Portland voters on March 3 will decide if they want to use ranked-choice voting to elect City Council and School Board members. (Portland Phoenix/Colin Ellis)

In an RCV system, voters rank candidates by preference. A candidate must secure a majority of the vote to be declared the winner. If after the first round of ballots has been counted and no candidate has a majority, the candidate with the fewest first-place votes is eliminated and voters who picked that candidate as No. 1 have their next-choice votes counted.

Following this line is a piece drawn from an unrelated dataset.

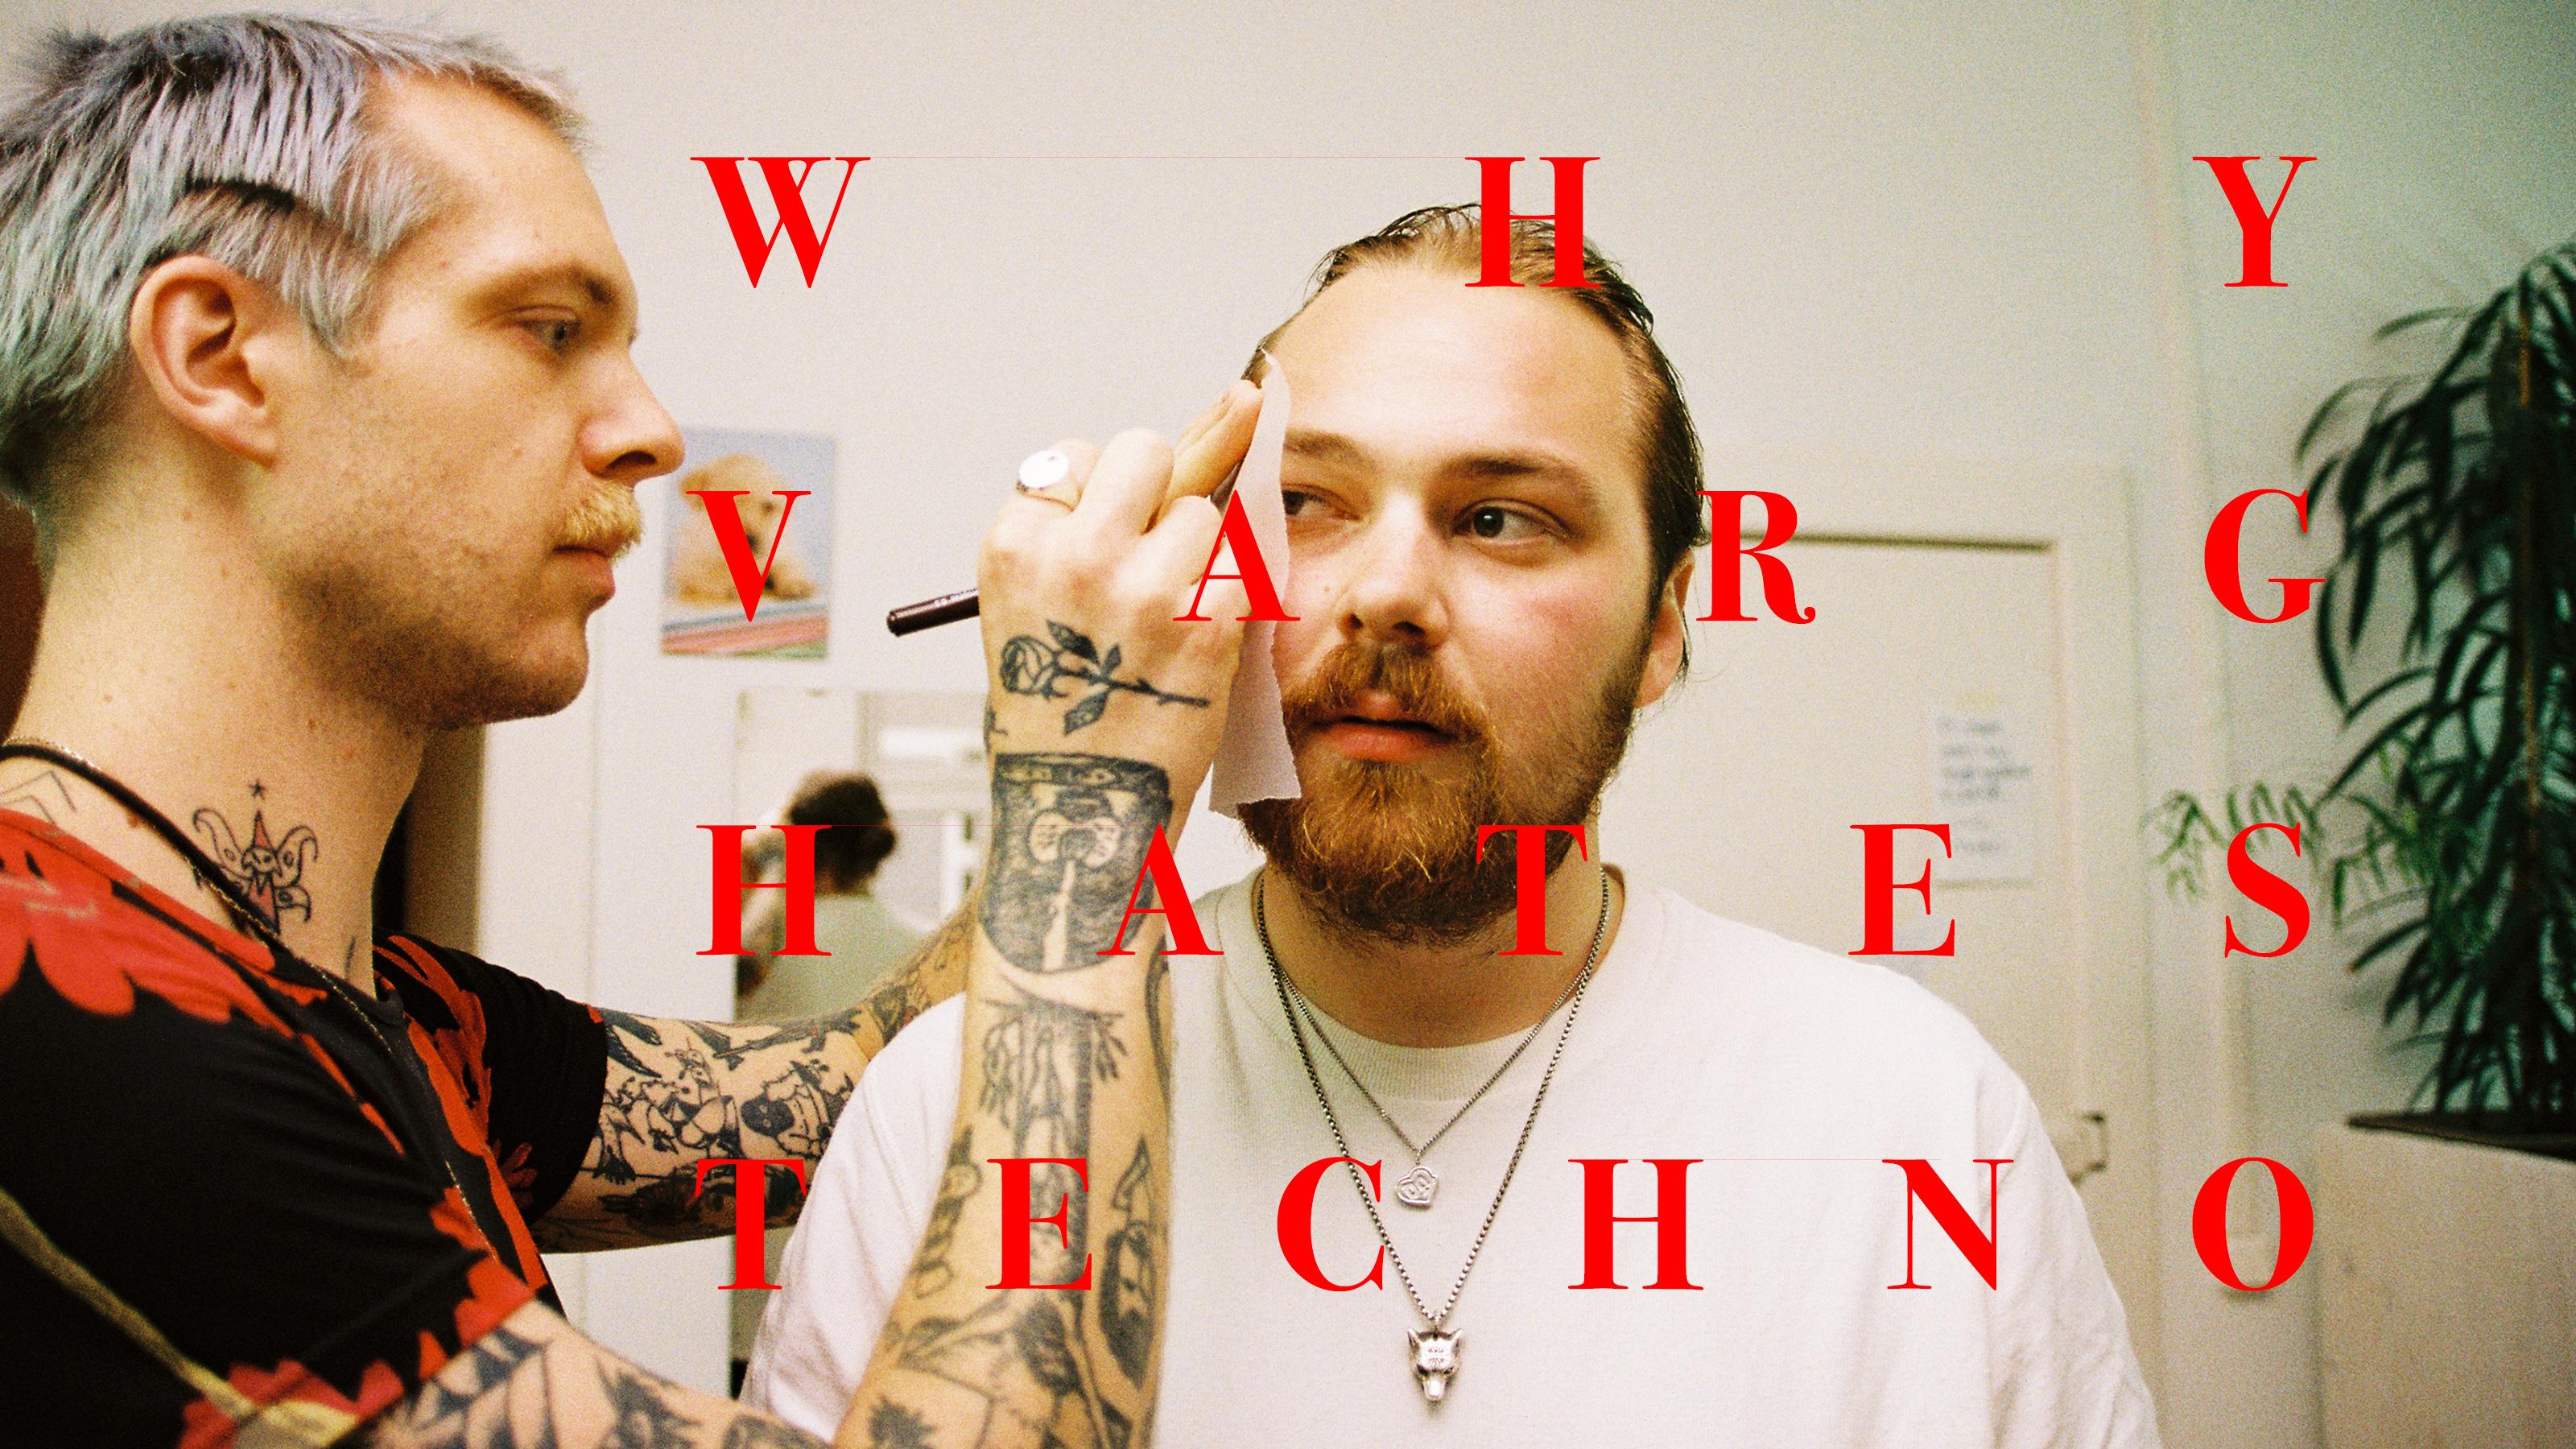 Why Varg hates techno

A new tally is conducted and the process is repeated until a candidate has won the outright majority.

Last November, the District 3 City Council seat was won by Tae Chong, who received 43 percent of the votes – a plurality, but not the majority. In the mayoral race, Snyder was declared the winner with 62 percent of the vote after two instant run-offs.

RCV was extended to statewide primaries and federal contests by the Legislature last year.

The city measure is being spearheaded by a group called Fair Elections Portland, which is also supporting an initiative to have candidates for mayor, City Council, and School Board be publicly funded to stem what the group’s website calls “the tide of big money’s influence” and enable candidates to run more competitive races.

A representative of Fair Elections Portland did not respond to a request for comment on the measure Monday, but the group’s website states RCV gives voters the chance to support the candidate they want, and not “the lesser of two evils.”

“You have the freedom to vote for the candidate you like the best without worrying that you will help to elect the candidate you like the least,” the group says.

The Maine Republican Party has challenged the ranked-choice system and is circulating a petition to put a question on the November ballot that would repeal the state law that extends RCV to presidential elections. The GOP plans to collect signatures at polling places on March 3.

Maine’s first-in-the-nation ranked-choice system was able to withstand a federal legal challenge in 2018 after Democrat Jared Golden defeated incumbent Rep. Bruce Poliquin in the 2nd Congressional District.

“One person, one vote is a bedrock American principle,” said Dr. Demi Kouzounas, chairwoman of the Maine Republican Party. “Ranked-choice voting is a direct violation of that principle and threatens the rights of all Mainers and delegitimizes our election process.”